O caso começou com uma ação civil pública da Associação Nacional de Defesa da Cidadania e do Consumidor (Anadec), que pretendia ver declarada abusiva a cláusula dos planos de capitalização do Unibanco que estabelece prazo de 12 meses para o resgate do dinheiro investido, a partir da data de desistência. O pedido foi considerado improcedente na primeira instância, ao entendimento de que o contrato não era ilegal.
A Anadec apelou ao Tribunal de Justiça de São Paulo (TJSP), que entendeu – tendo em vista o Código de Defesa do Consumidor (CDC) – que havia desvantagem excessiva para o desistente, por causa da redução do valor a ser restituído e também do prazo estabelecido. O Unibanco, então, interpôs recurso especial no STJ.
O relator do caso, ministro João Otávio de Noronha, afirmou que é possível haver pactuação de cláusula que institua prazo de carência para a devolução dos valores aplicados em títulos de capitalização, na hipótese de desistência. Segundo ele, a Circular n. 130/2000 da Superintendência de Seguros Privados (Susep), vigente à época do ajuizamento da ação, estabelece que, nesses casos, "é facultada a fixação de um prazo de carência para a efetivação do pagamento, não superior a 24 meses, contados da data de subscrição do título de capitalização".
O ministro assinalou que a normatização de algumas matérias por meio de resoluções, circulares e outros atos não legislativos tem sido aceita pela jurisprudência, respeitados os limites estabelecidos em lei. Assim, o desrespeito a atos normativos como a circular da Susep seria uma violação da própria legislação que integram.
Por isso, o relator entendeu que o prazo de carência de 12 meses não pode ser declarado abusivo, pois está inserido no tempo previsto pela circular da Susep, e que a cláusula apenas repercute normas legais e regulamentares que "incidem sobre o contrato em que ela foi inserida".
"O formato desenhado para os títulos de capitalização, com suas cláusulas de devolução apenas parcial do capital investido e de prazo de carência para que ocorra essa devolução, além de estar revestido de legalidade, tem raízes também em fundamentos econômicos que justificam o modelo adotado", afirmou João Otávio de Noronha.
Para o ministro, a desistência dos investidores, com devolução imediata dos recursos aplicados, prejudica aqueles que pretendam manter o plano de capitalização estabelecido e compromete a capacidade da sociedade de obter maiores rendimentos nas aplicações de longo prazo e de proporcionar maiores ganhos aos seus clientes.
O relator destacou que deve ser assegurada ao cliente informação clara a respeito dos termos e condições do contrato, a fim de que "não haja surpresa para aquele que o adquire", mas, no caso em julgamento, não havia nenhuma alegação de que o Unibanco tivesse omitido informações aos aplicadores.
"Não tenho dúvidas em afirmar que as operações dessa natureza estão submetidas às regras do Código de Defesa do Consumidor.

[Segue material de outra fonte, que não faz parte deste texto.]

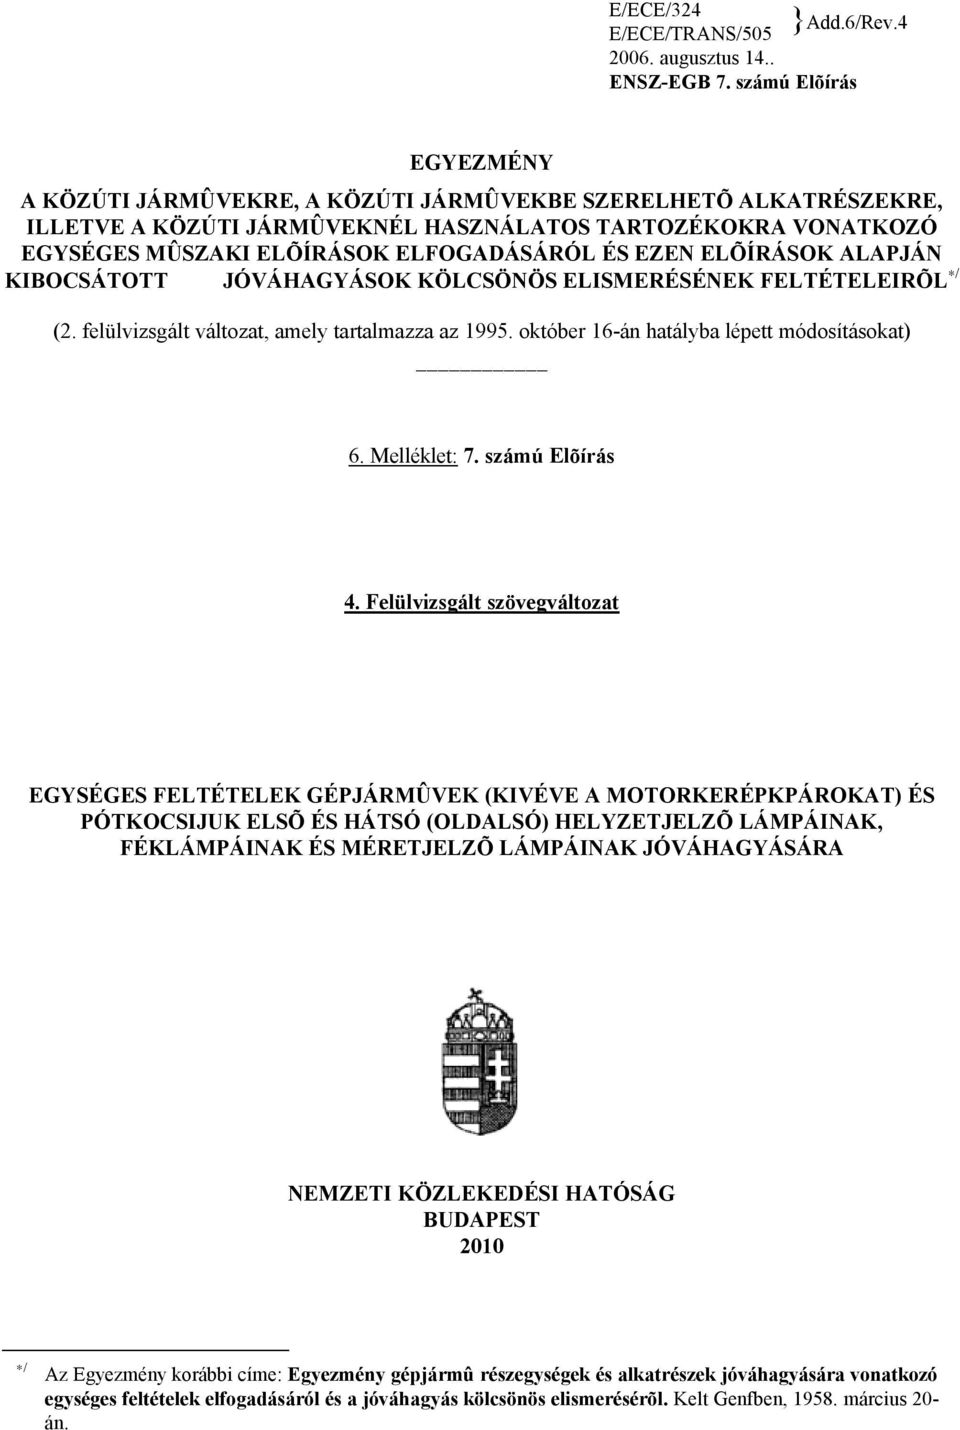 EZEN ELÕÍRÁSOK ALAPJÁN KIBOCSÁTOTT JÓVÁHAGYÁSOK KÖLCSÖNÖS ELISMERÉSÉNEK FELTÉTELEIRÕL / (2. felülvizsgált változat, amely tartalmazza az 1995. október 16-án hatályba lépett módosításokat) 6.

No entanto, a incidência das normas consumeristas não se deve dar de forma tal que obrigue o fornecedor a desnaturar completamente os seus produtos, principalmente quando elaborados em conformidade com a legislação vigente", disse o ministro.
"Há dezenas de opções de investimento no mercado bancário, cada uma delas com suas peculiaridades, criada, cada qual, para atender a determinado público. Os títulos de capitalização constituem opção de investimento para aquelas pessoas que não têm necessidade da devolução, no curto prazo, dos recursos aplicados", concluiu João Otávio de Noronha.